Antithyroid drugs such as carbimazole
β-blockers
- Useful for immediate symptomatic relief of thyrotoxic symptoms
- CCBs can be used where β-blockers are contraindicated e.g., asthma
Radioiodine
- 1st choice treatment for relapsed Graves’ disease and nodular thyroid disease
- High risk of hypothyroidism when used in Graves’ disease (1:2)
Thyroidectomy
- Useful when radioiodine is contraindicated e.g., pregnancy
- Will leave a scar
- Surgical/anaesthetic risks:
- Recurrent laryngeal nerve palsy
- Hypothyroidism
- Hypoparathyroidism
What is thyroid storm?
- Rapid deterioration of hyperthyroidism with hyperpyrexia, severe tachycardia, extreme restlessness, cardiac failure and liver dysfunction
- Typically seen in hyperthyroid patient with an acute infection/illness or recent thyroid surgery
What is the management of thyroid storm?
- High dose carbimazole
- β-blockers (propranolol)
- Potassium iodide
- Hydrocortisone
- IV fluids +/- inotropes
- Treat precipitating cause e.g. MI, infection, PE
What is subacute thyroiditis?
Refers to a transient patchy inflammation of the thyroid
What is De Quervain’s Thyroiditis?
Describes the presentation of a viral infection with fever, neck pain and tenderness, dysphagia and features of hyperthyroidism
What is the aetiology of subacute thyroiditis?
- Ages 20-50
- May be triggered by viral infection
What is the presentation of subacute thyroiditis?

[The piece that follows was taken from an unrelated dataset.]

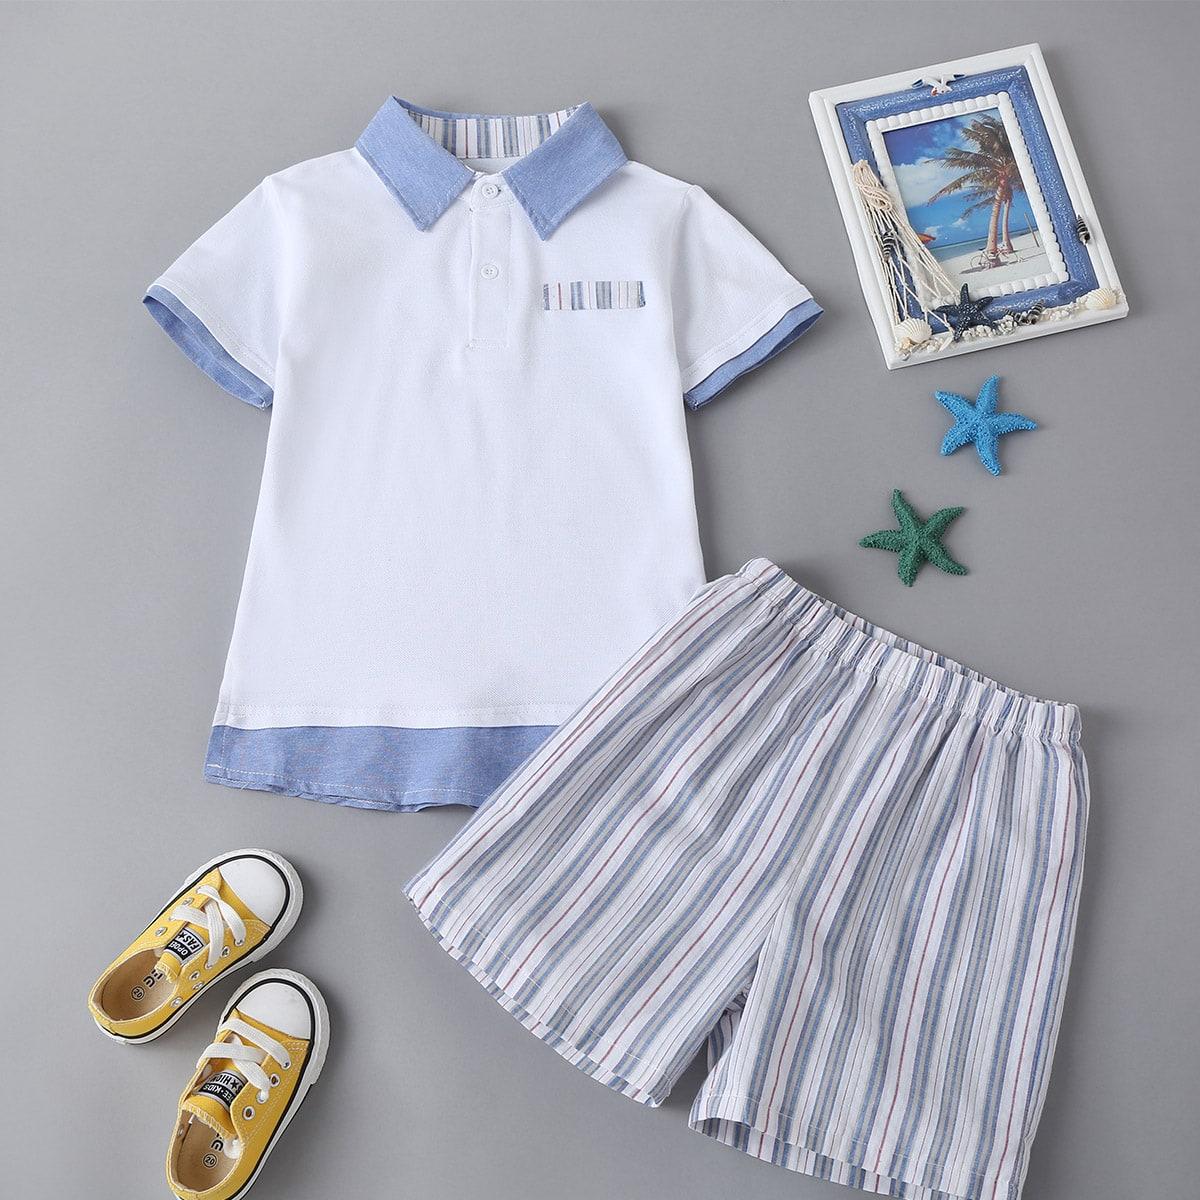 Toddler Boys Polo Neck Tee & Stripe Shorts, SHEIN  - buy with discount
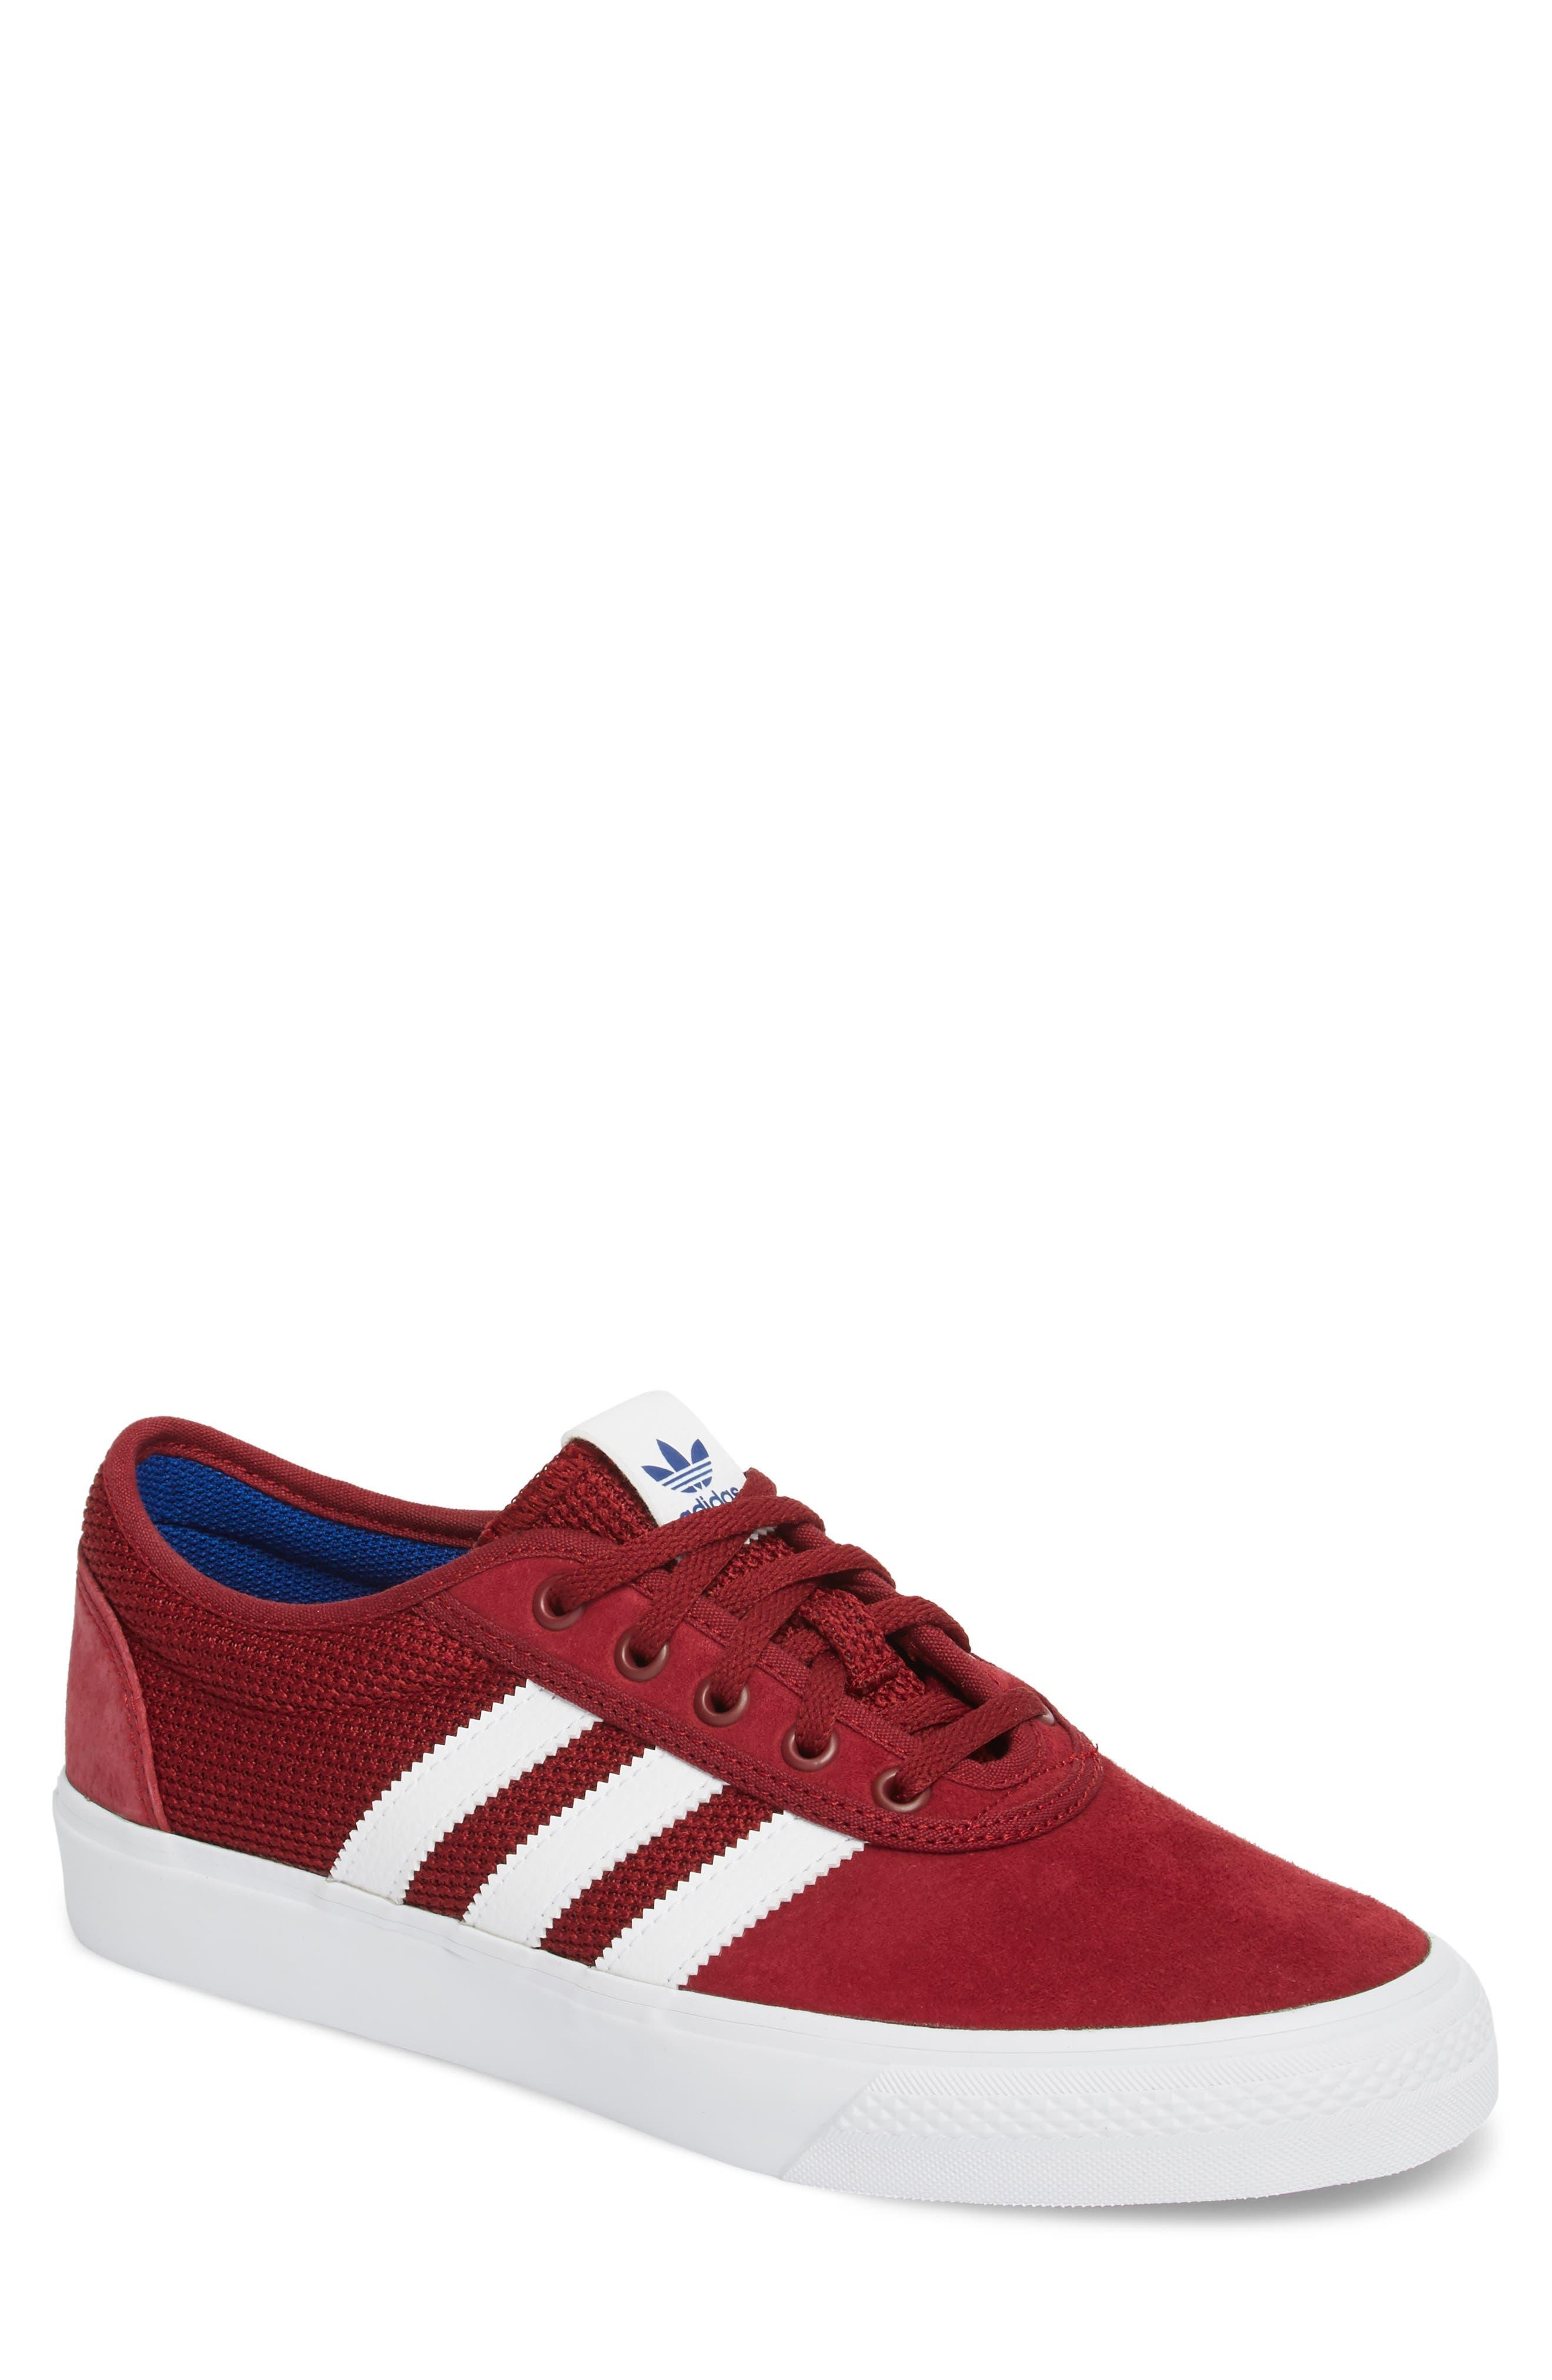 adi-Ease Sneaker,                             Main thumbnail 1, color,                             Burgundy/ White / Royal

- Painful, diffuse, firm goitre
- Fever and/or malaise may be present
- There is a hyperthyroid phase followed by a hypothyroid phase as the TSH level falls due to negative feedback
What are the investigations for subacute thyroiditis?
- Thyroid function tests
- May perform scintigraphy scan to rule out other causes of hyperthyroidism, will be low uptake throughout
What is the management of De Quervain’s thyroiditis?
- Self-limiting condition - supportive treatment with NSAIDs for pain and inflammation and beta-blockers for symptomatic relief of hyperthyroidism is usually all that is necessary
- Short course of steroids may be needed
What is the aetiology of drug-induced thyroiditis?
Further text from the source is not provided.